"This will be the board's first JK-12 facility in Renfrew County and we want this to be done right," added (board chair Roy) Reiche.Once the domain of even smaller or far more remote communities, I'm fairly certain the construction of JK-12 schools in smaller communities will increasingly become a reality across parts of southern Ontario that haven't seen this sort of school organization since the abandonment of the one- and two-room schools in the 1950s and 1960s. It will become an increasingly preferred setup, first, likely, to the French-language boards whose populations outside of some pockets of geography in Ontario are quite spread out. We have such a JK-12 facility in my coverage area that's currently under construction and will open to JK-12 students starting at the turn of the year, with the last desk moved in by the start of second semester in 2011.
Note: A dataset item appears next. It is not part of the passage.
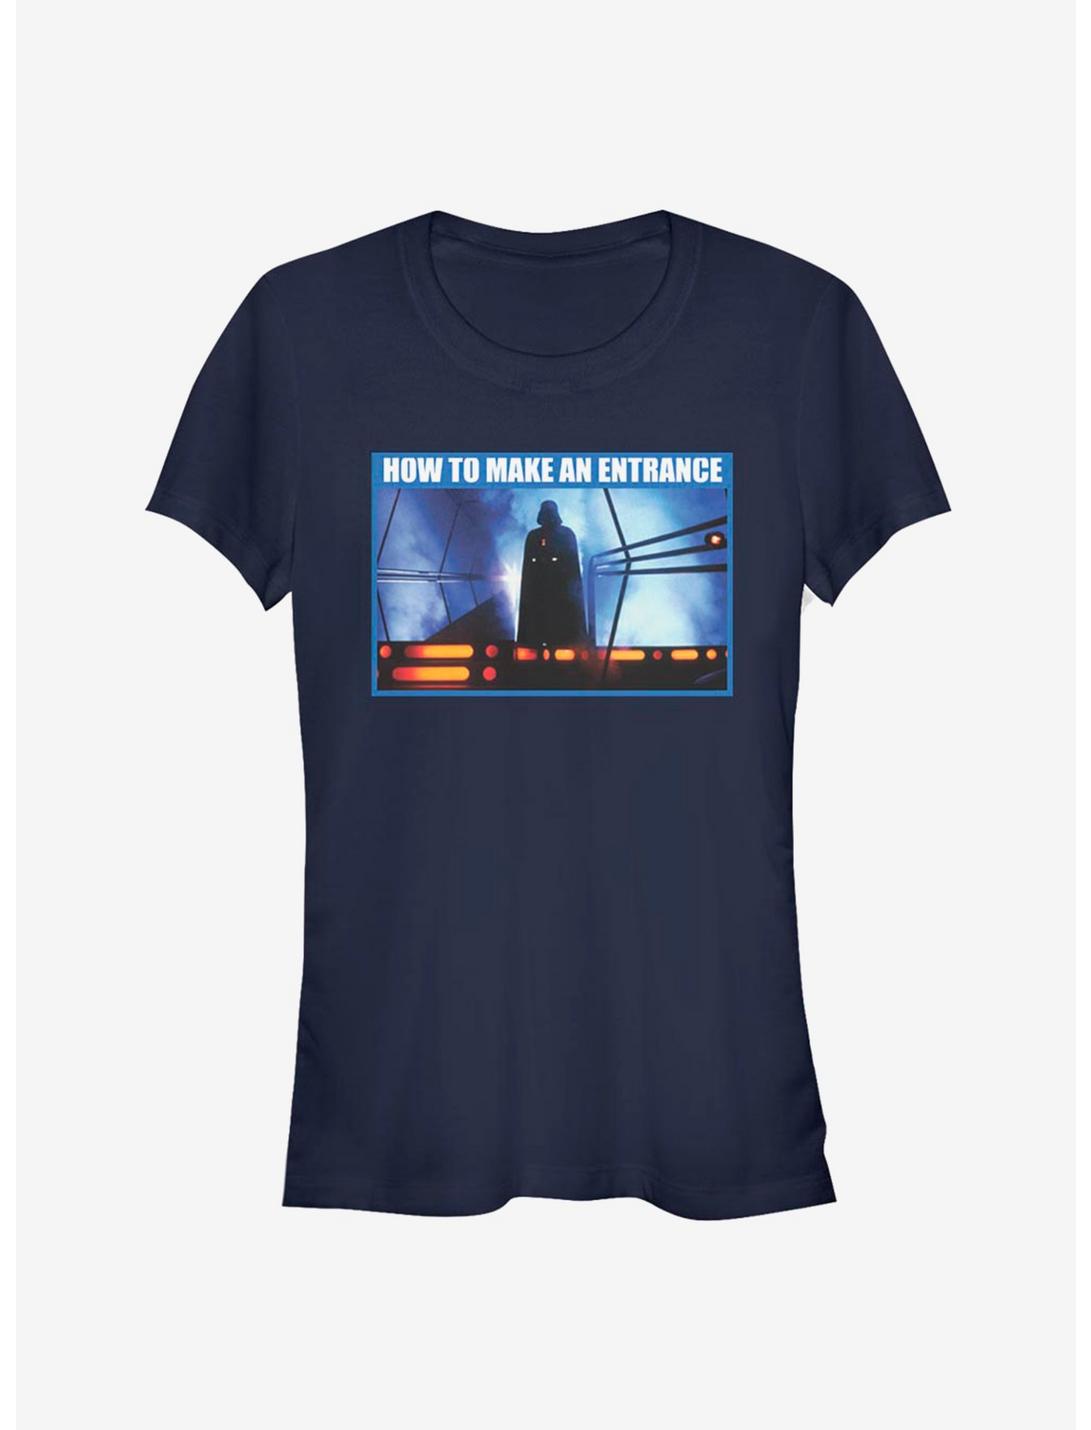 Star Wars How To Make An Entrance Girls T-Shirt, NAVY, hi-res

The plan will see Mackenzie High School converted into a junior kindergarten to Grade 12 school and students from Morison Public School moving in for the 2011-2012 school year. The project will be done in stages with modifications being done to the existing structure while students will continue to attend classes, Mr. Reiche noted.
Last year, the ministry announced $4,876,588 under the province's Energy Efficiency Program for one capital project to address the accommodation needs of students at Morison Public School in Deep River. The ministry stipulated, however, that the project had to be completed no later than the 2011-2012 school year.
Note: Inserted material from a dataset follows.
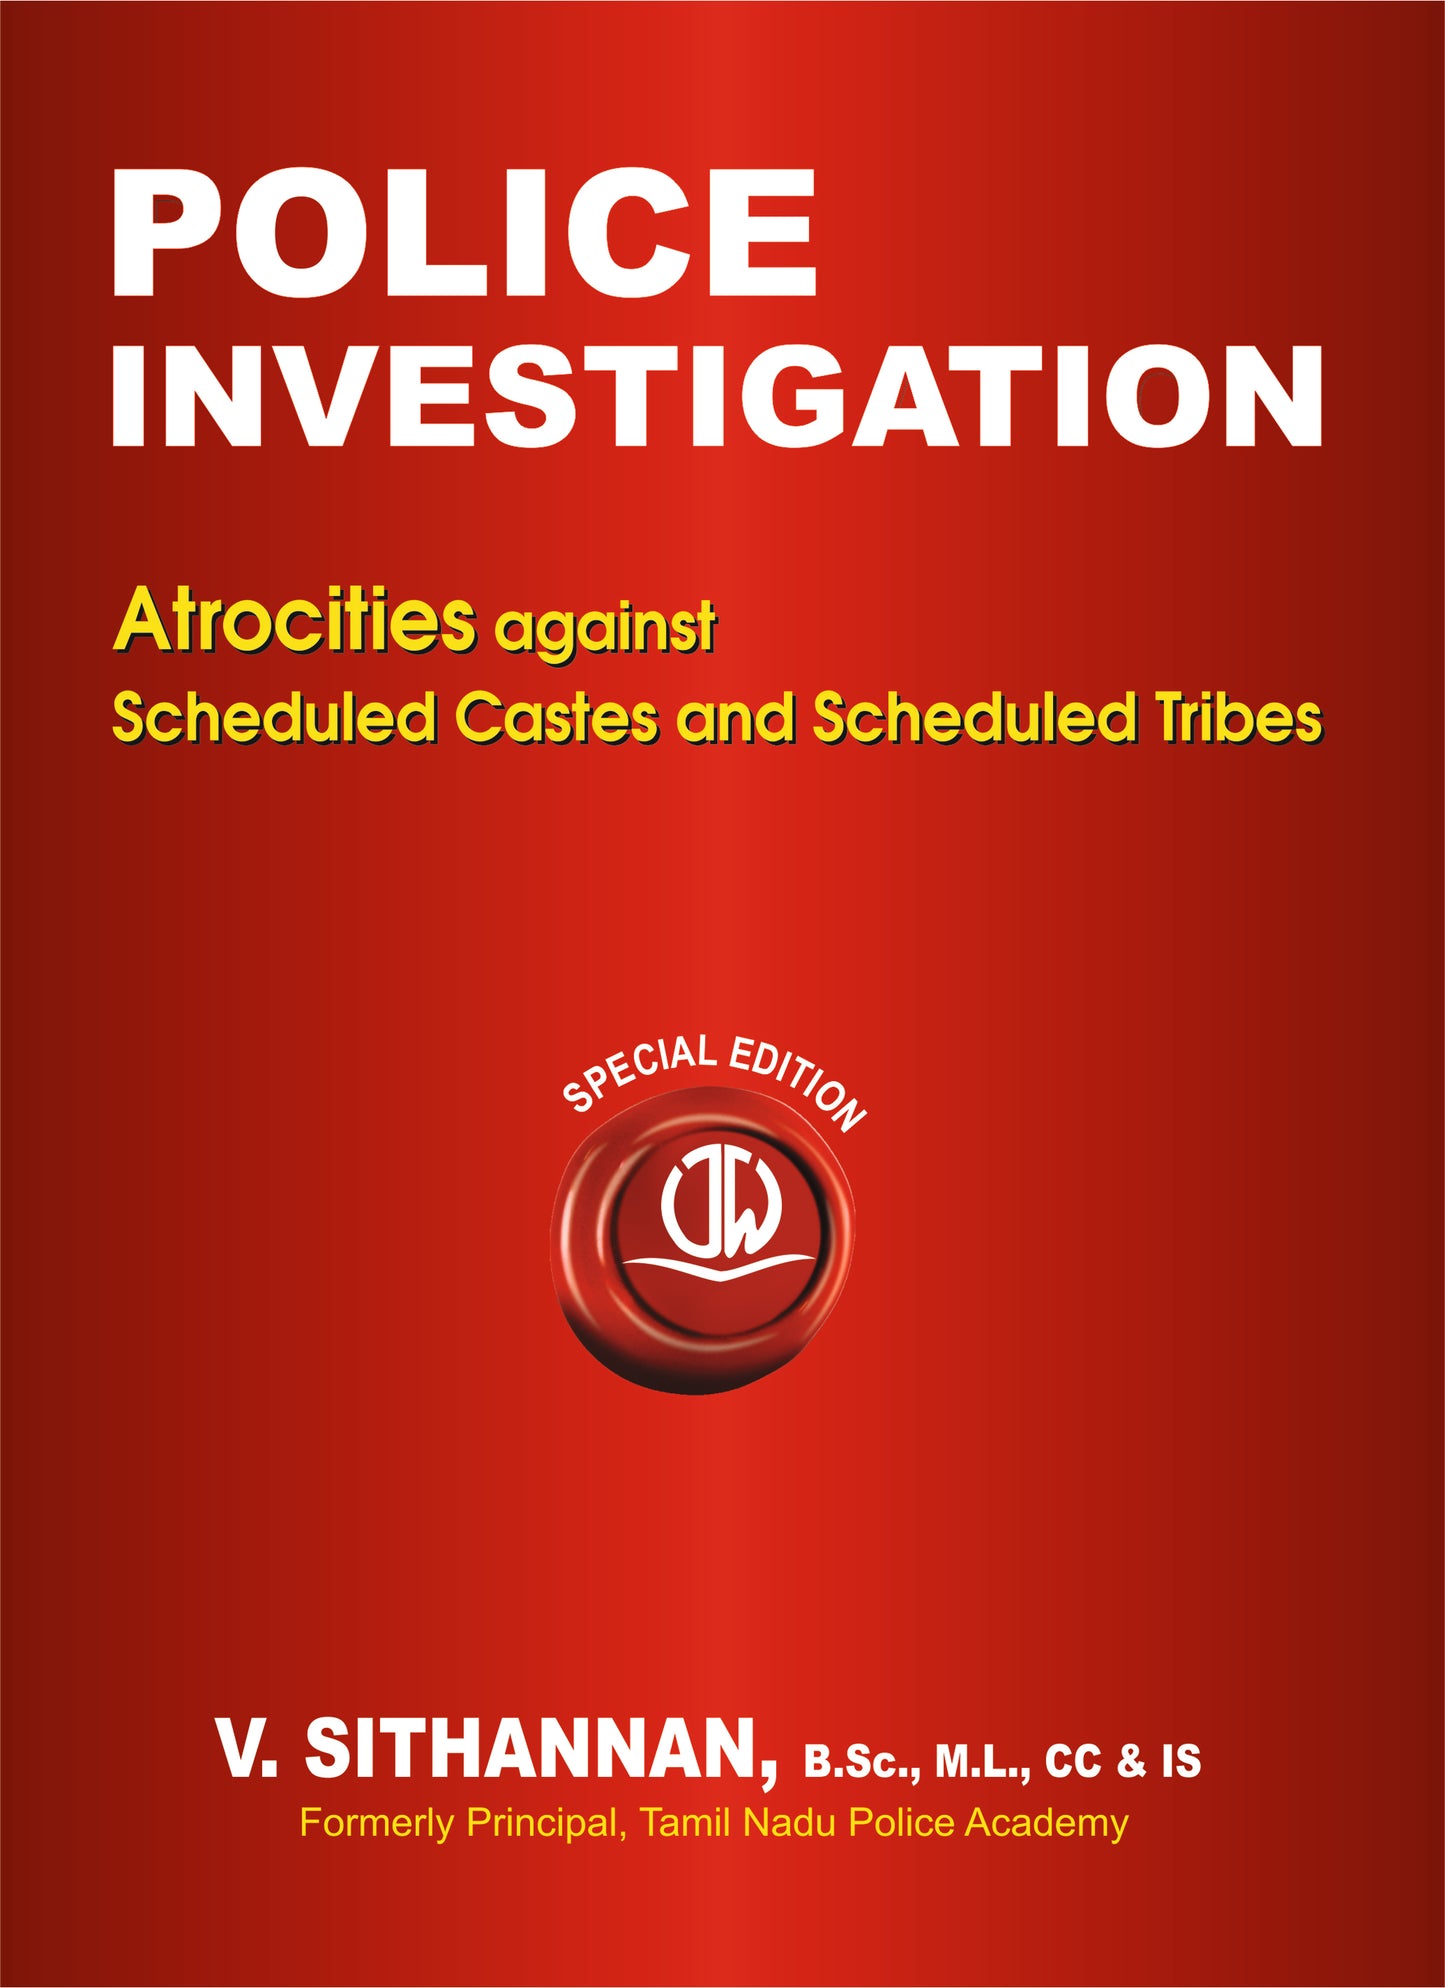 Police Investigation - Atrocities against SCs and STs in English ( A Vade Mecum for all )

It's a dramatic change for the several generations of parents and grandparents who've experienced other school organizational structures, be it JK-8 and 9-12 or JK-5, 6-8, 9-12 or other models used across Ontario over the years.
However, it allows boards to upgrade facilities and bring together students and staff into more manageable and efficient groupings. In some areas, depending on historical politics between boards, this could become an option preferred over twinning schools with a coterminous school board.